Um dia de notícias graves


Ana Margarida Craveiro,

 

Para quem ainda não o fez, se calhar já era tempo de cortar aos pedacinhos aqueles cartões que tanto jeito dão a evitar pensar no presente. É que o futuro está negro, e, se o Estado passa relativamente bem sem comida nem tecto, nós os privados ainda temos necessidades básicas. Tão importante quanto um PEC e OE rectificativo é a nossa atitude, nas nossas economias privadas: cortar e poupar.

5 comentários em “Um dia de notícias graves”

  1. As patéticas declarações de hoje de Teixeira dos Santos, qual náufrago a pedir socorro, mais não visam do que escamotear a sua quota-parte de responsabilidade no regabofe socialista que nos conduziu à presente situação.

  2. De acordo.
    Mas:
    Cortar onde?<7b>
    1 – Nas meias que comprámos “em pacote” e que os filhos aceitam, porque já perceberam que a vida não está fácil?
    2 – Nos bifes que deixámos de comprar no talho e passámos a adquirir em embalagens que dão um mentiroso desconto no cartão do hiper?
    3 – Nas viagens de estudo da prole?
    4 – Nos livros que queríamos que os nossos filhos lessem?
    5 – Nos pneus de marca que davam segurança?
    6 – Na internet que precisamos de ter em casa?
    7 – Na TV que nos liga à informação e alguns filmes?
    8 – No telemóvel que está sempre ligado e que serve para receber chamadas de serviço ou para acudir um familiar doente?
    9 – No café? Nos cigarros? No jornal de sábado?
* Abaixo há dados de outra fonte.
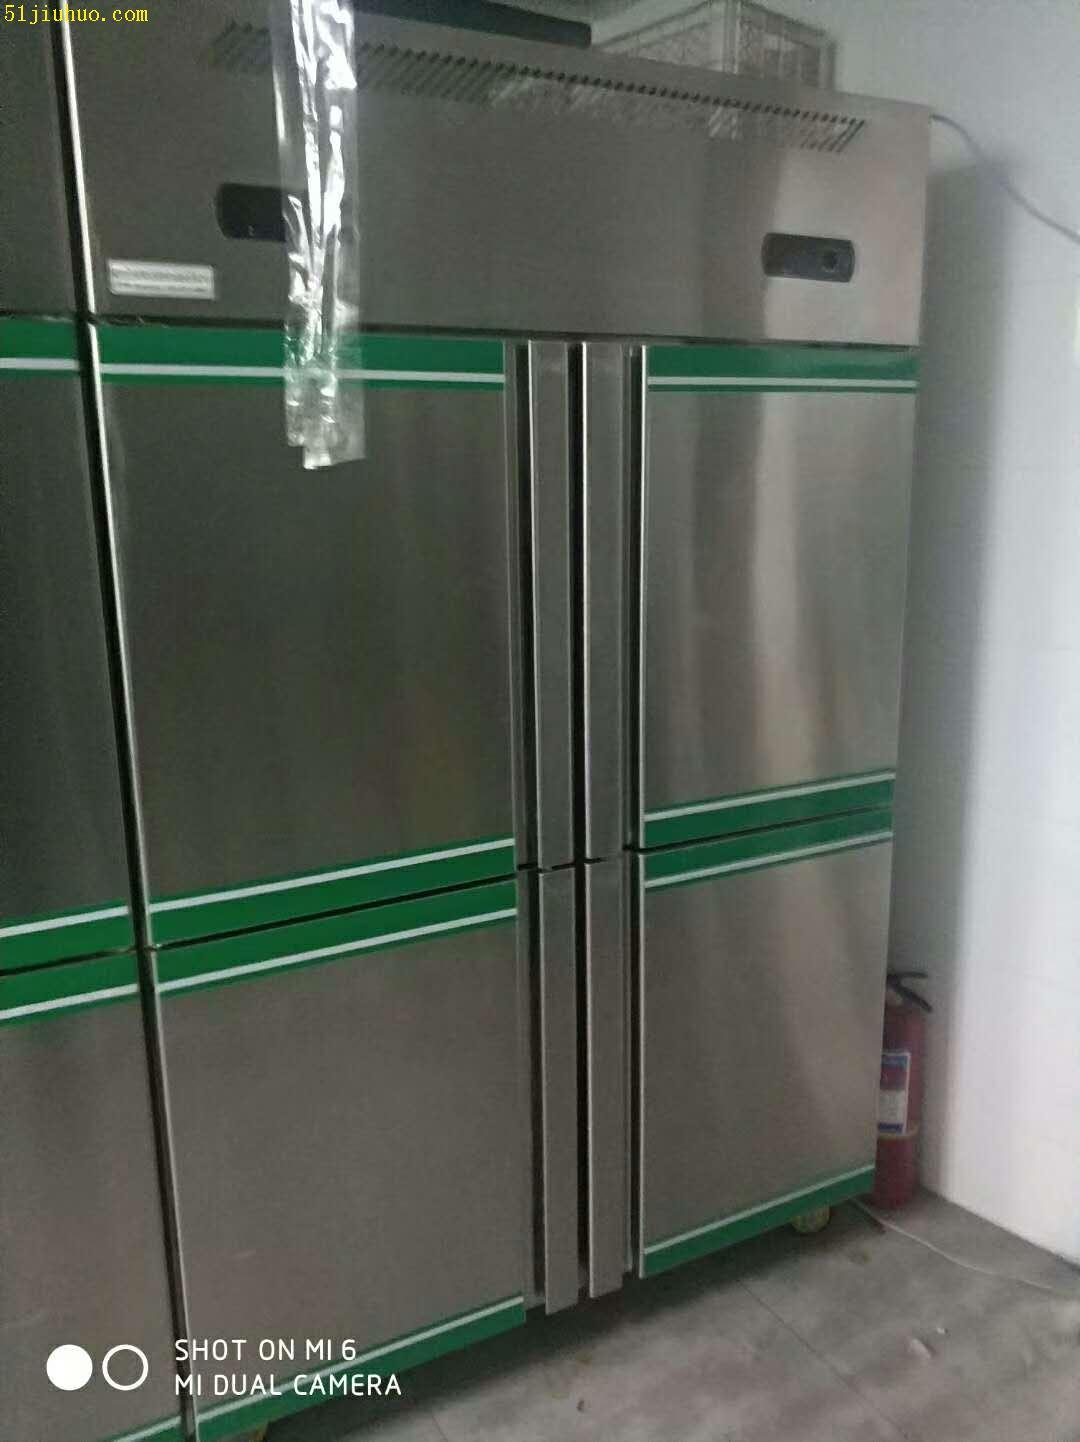 济宁酒店厨房设备回收,空调、冰箱冰柜、制冰机、操作台等整套回收

    E, depois destes cortes, o que vem?

    A poupança nas palavras e nos gestos, porque já pouco nos resta para sobreviver com alguma dignidade.
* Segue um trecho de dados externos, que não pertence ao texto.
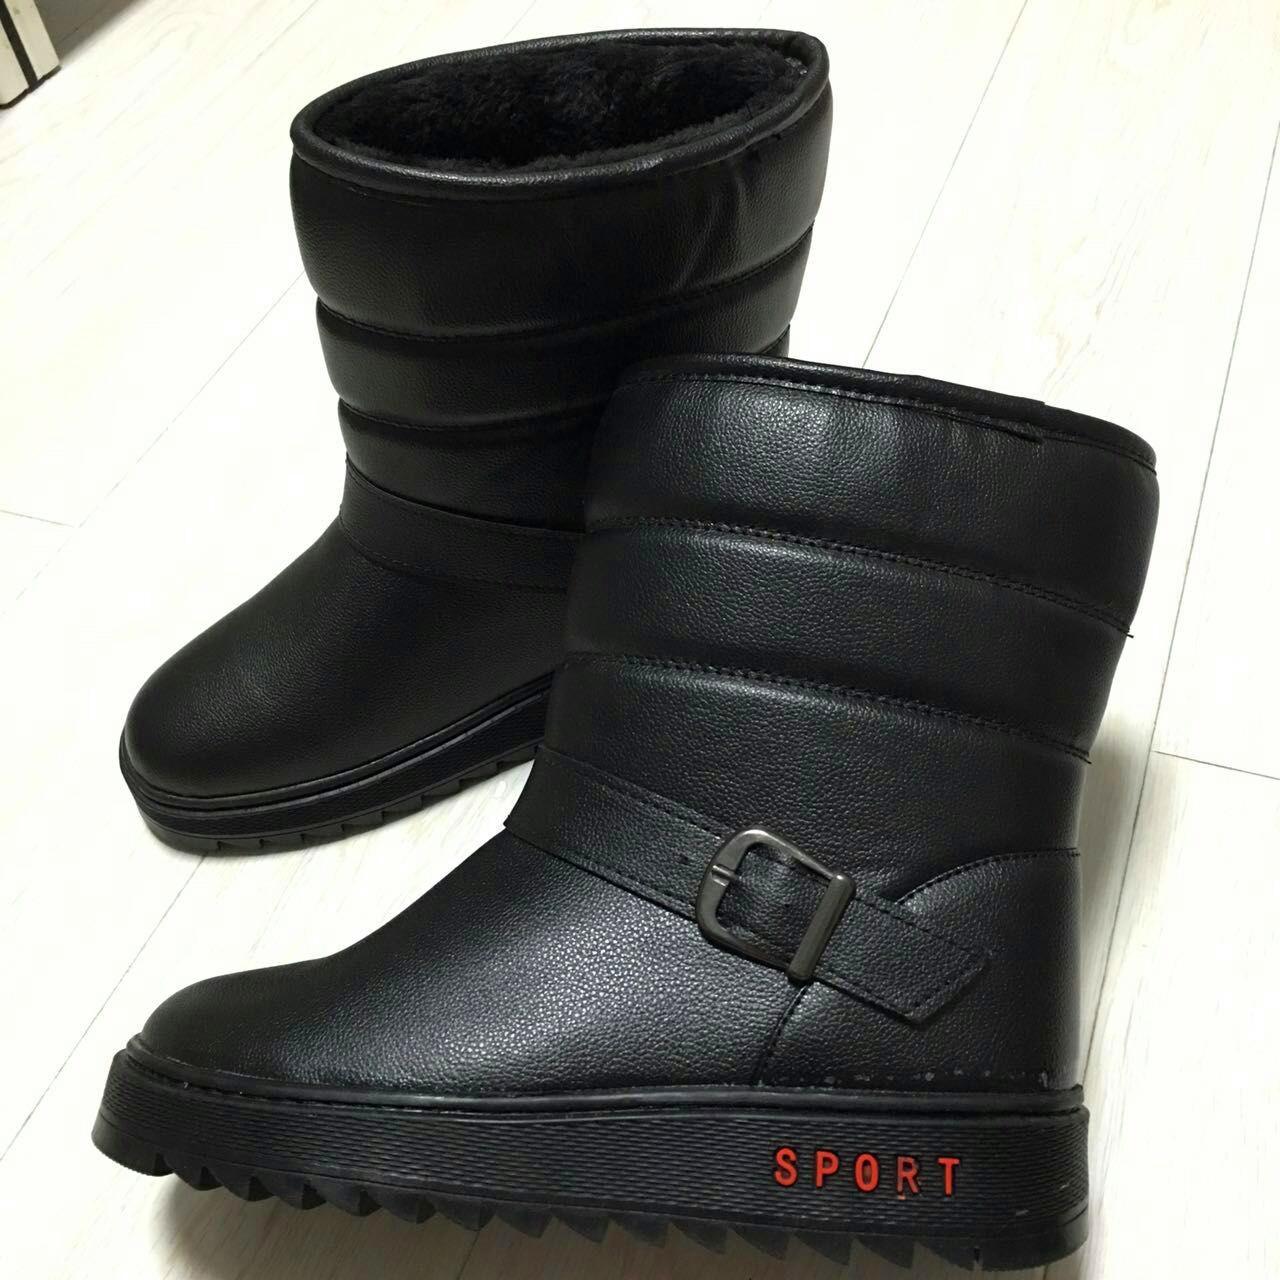 Мужчины плюс флис водонепроницаемый зимой снега сапоги мужские сапоги случайные теплой пу кожаный трубки платформа высокой мужская обувь

    Rasgar – ou cortar – um cartão de crédito é coisa inacessível a muitas pessoas.

    (@AMC – faço este desabafo num dia em que, pessoa amiga, com emprego remunerado pelo Estado, me veio lamentar a sua fome, para que os seus filhos não a sofram)

    1. acredite que sei que é difícil. também já ouvi falar de muitas despensas vazias, ou com latas de salsichas, porque as prestações do carro+playstation+cancun+roupa de marca não deixam margem para mais nada. a dada altura, não há mesmo onde cortar. e fico triste com isto tudo.

  3. Quando as linhas cruzadas faziam soar no telefone lá de casa gente a perguntar se era do Liceu Filipa, a minha sempre respondia: – “Não. Aqui é duma casa particular.”
    Agora diz-me que somos privados?
    Talvez faça sentido.
    Cumpts.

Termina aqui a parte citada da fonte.